- **DATASET EXTRACT**:
┄┄┄┄┄┄┄┄┄┄┄┄┄┄┄┄┄┄┄┄
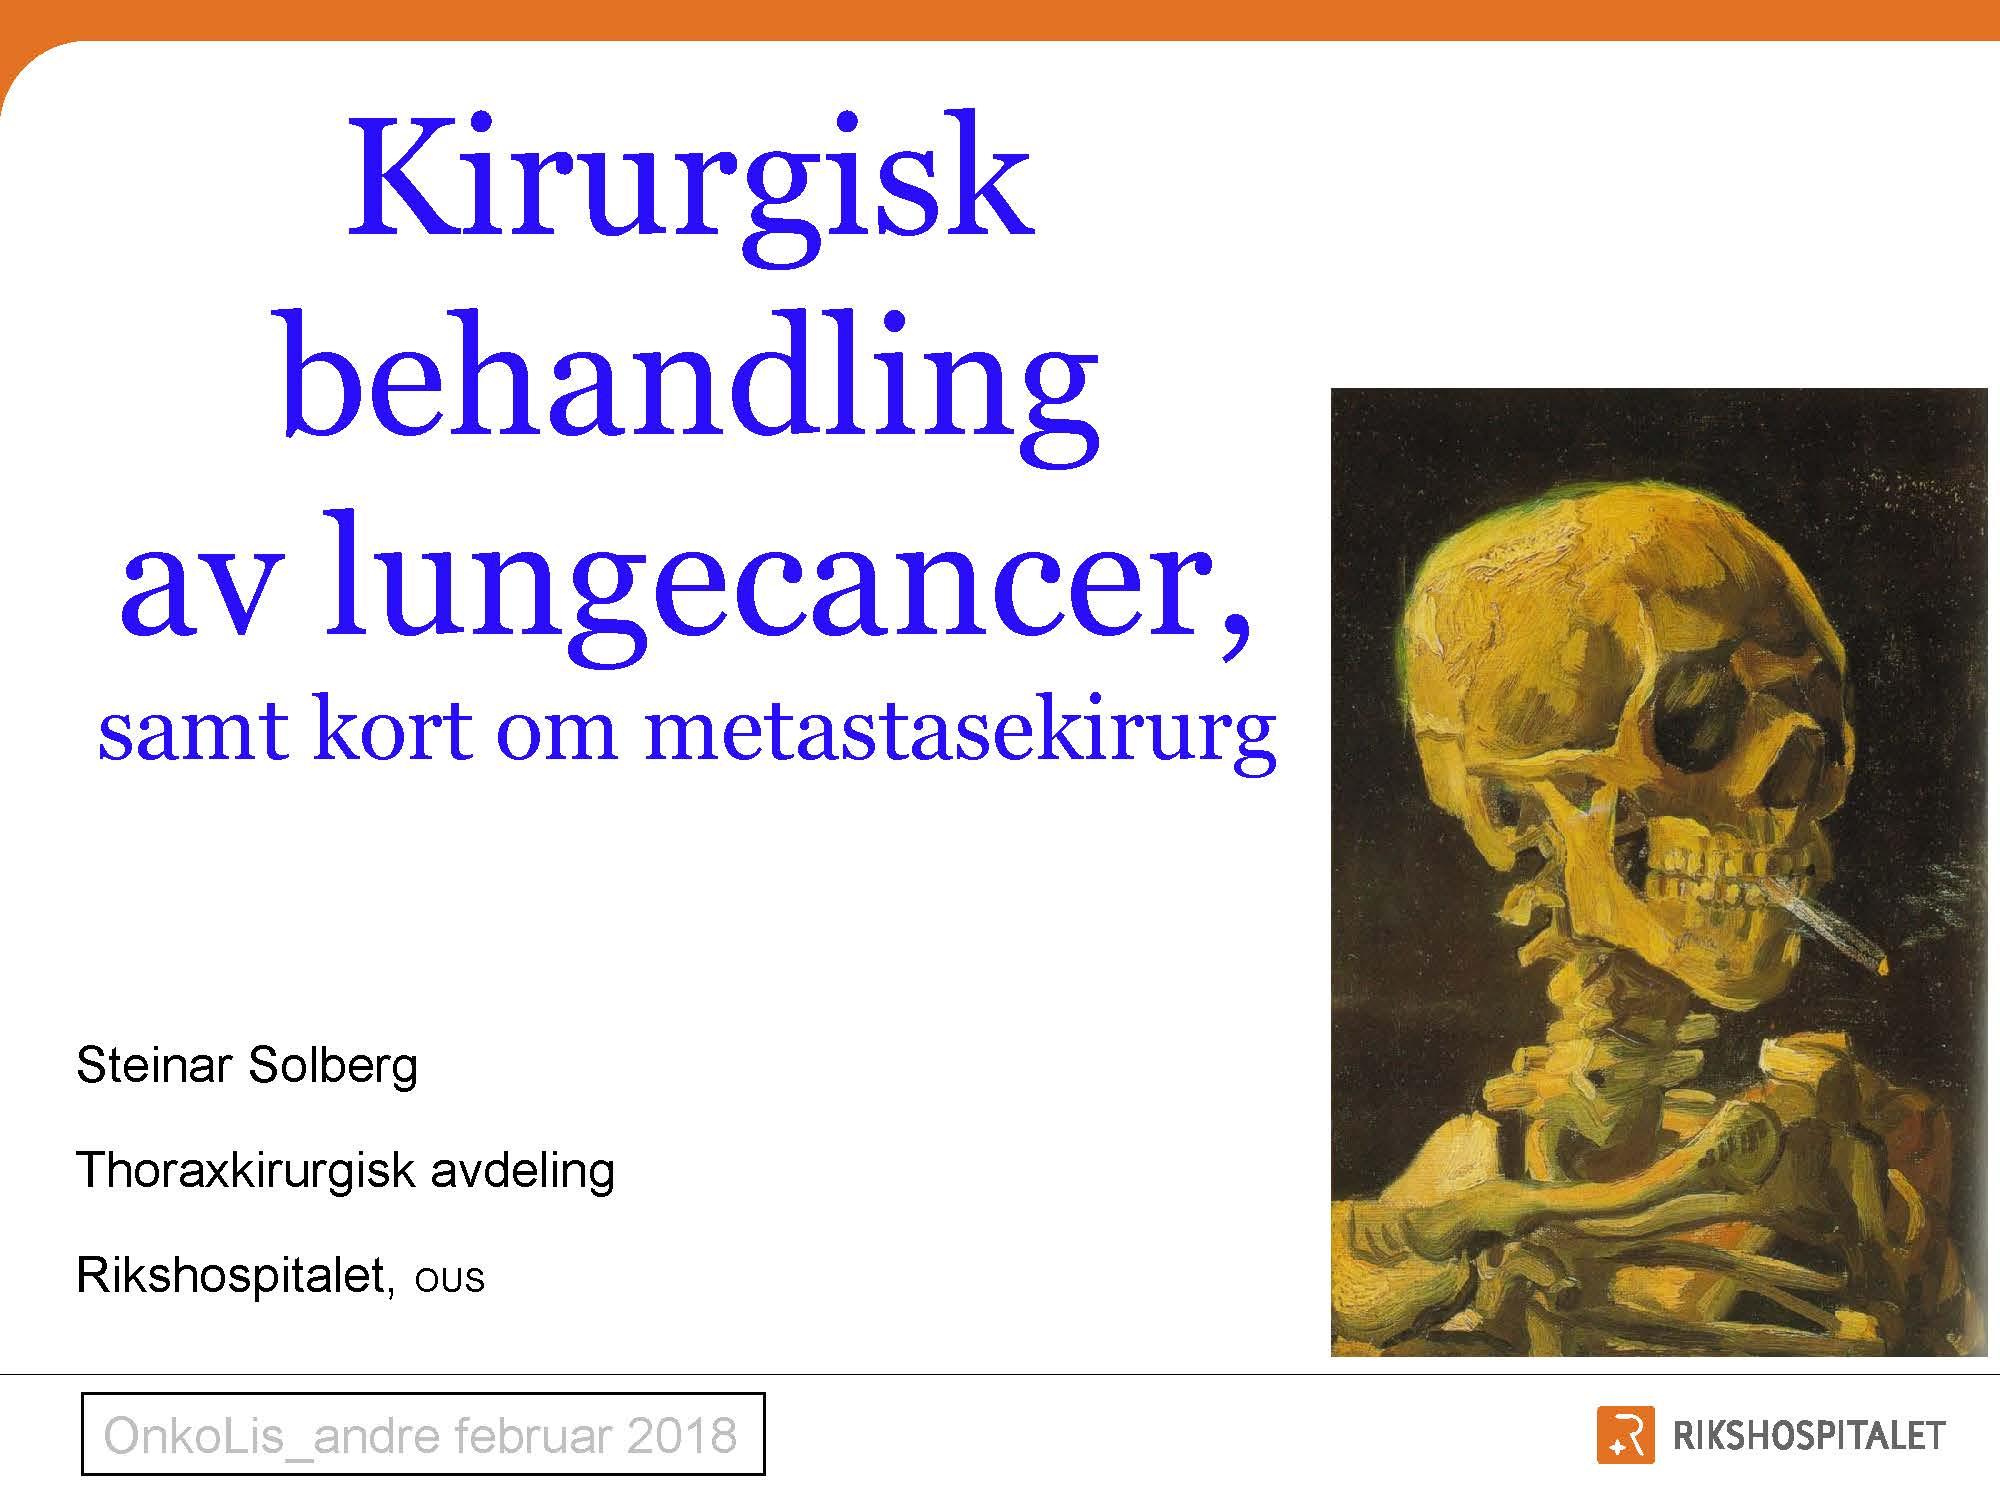 8. Kirurgisk behandling av lungecancer, Steinar Solberg
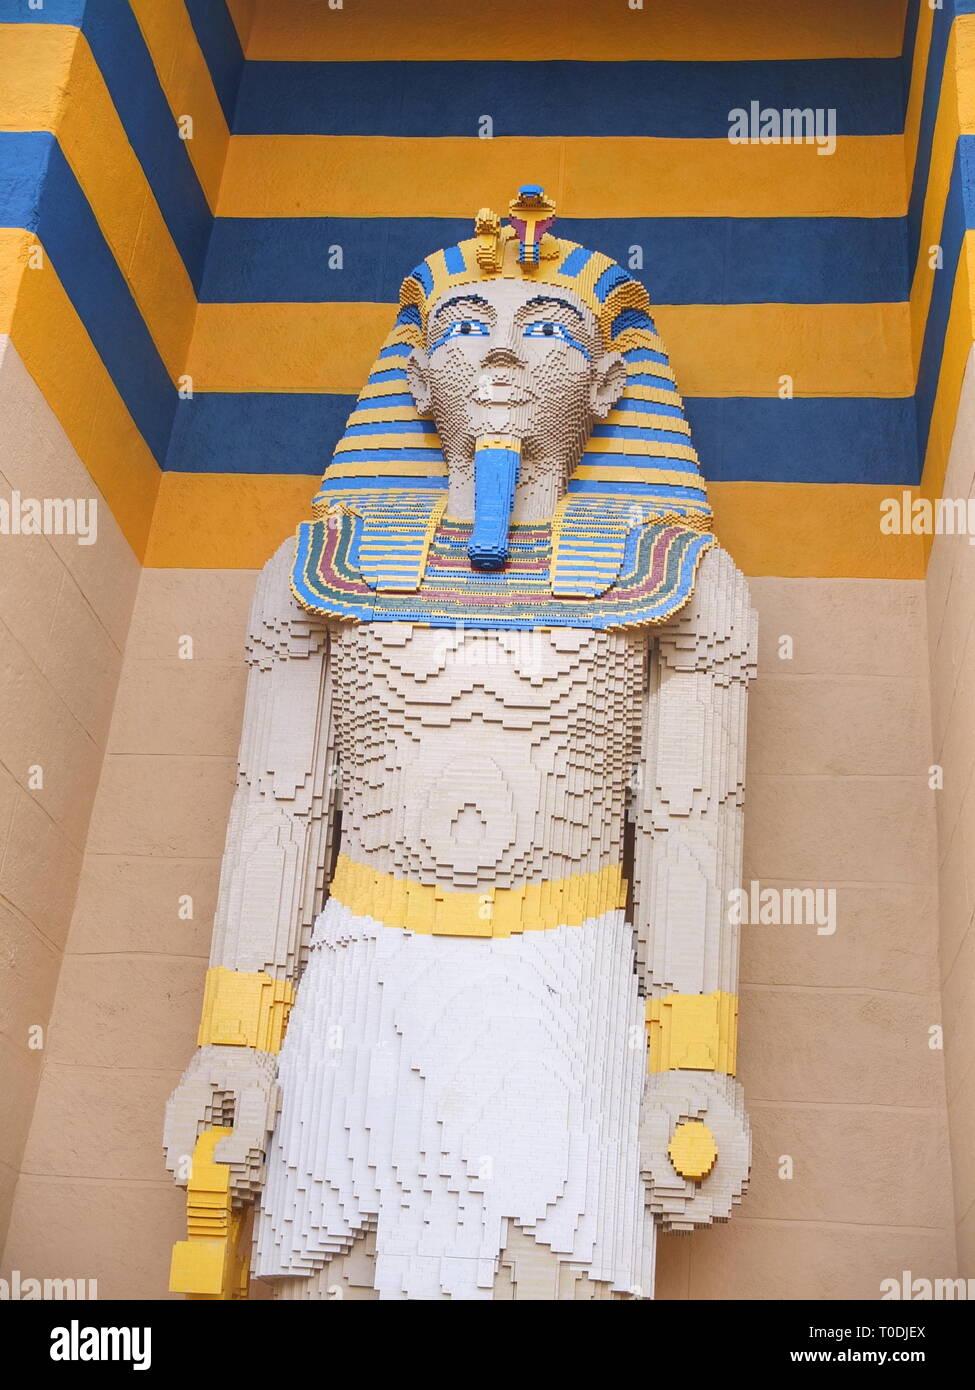 Lego model statue of Tutankhamun in the Kingdom Of The Pharaohs section of LEGOLAND Windsor Resort UK Stock Photo
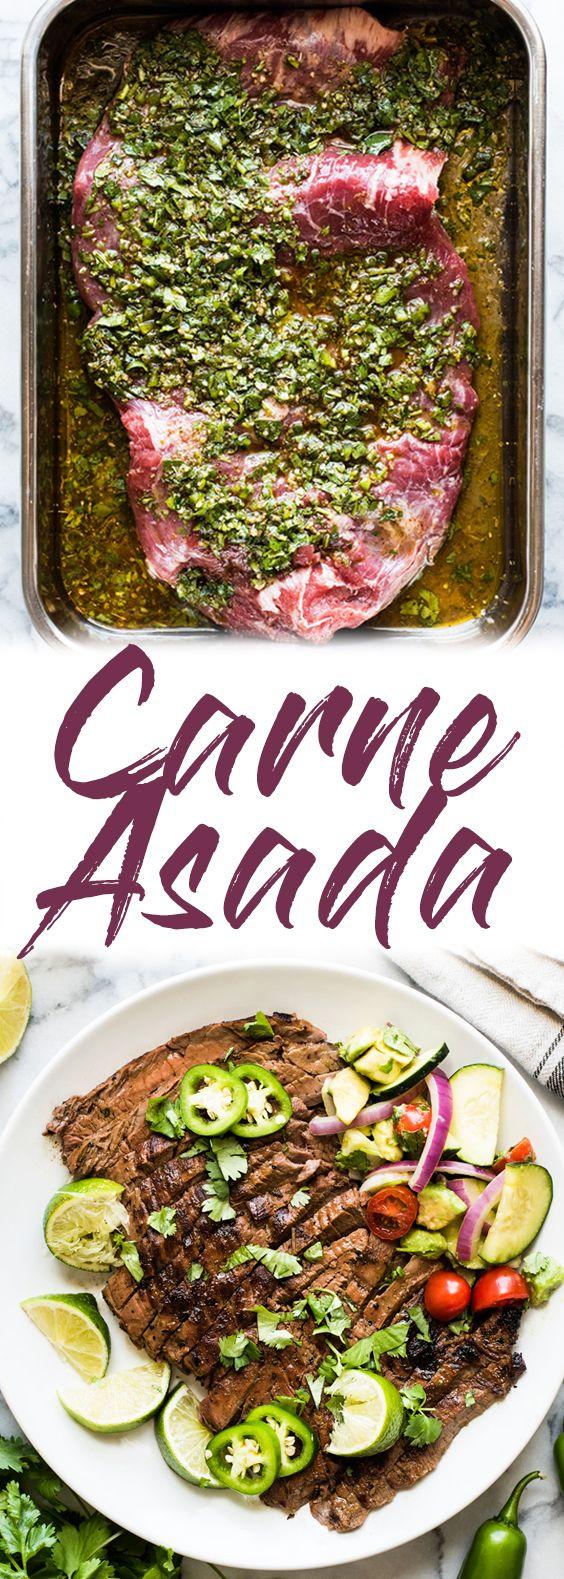 The Best Carne Asada Recipe
┄┄┄┄┄┄┄┄┄┄┄┄┄┄┄┄┄┄┄┄
- **WHAT IS NEEDED**: Please restate, word for word, the lines from the one with "Lego model statue" through the final line of the material, both included, and omit the pictures.

- **REPLY TO THE TASK**:
 Lego model statue of Tutankhamun in the Kingdom Of The Pharaohs section of LEGOLAND Windsor Resort UK Stock Photo
 The Best Carne Asada Recipe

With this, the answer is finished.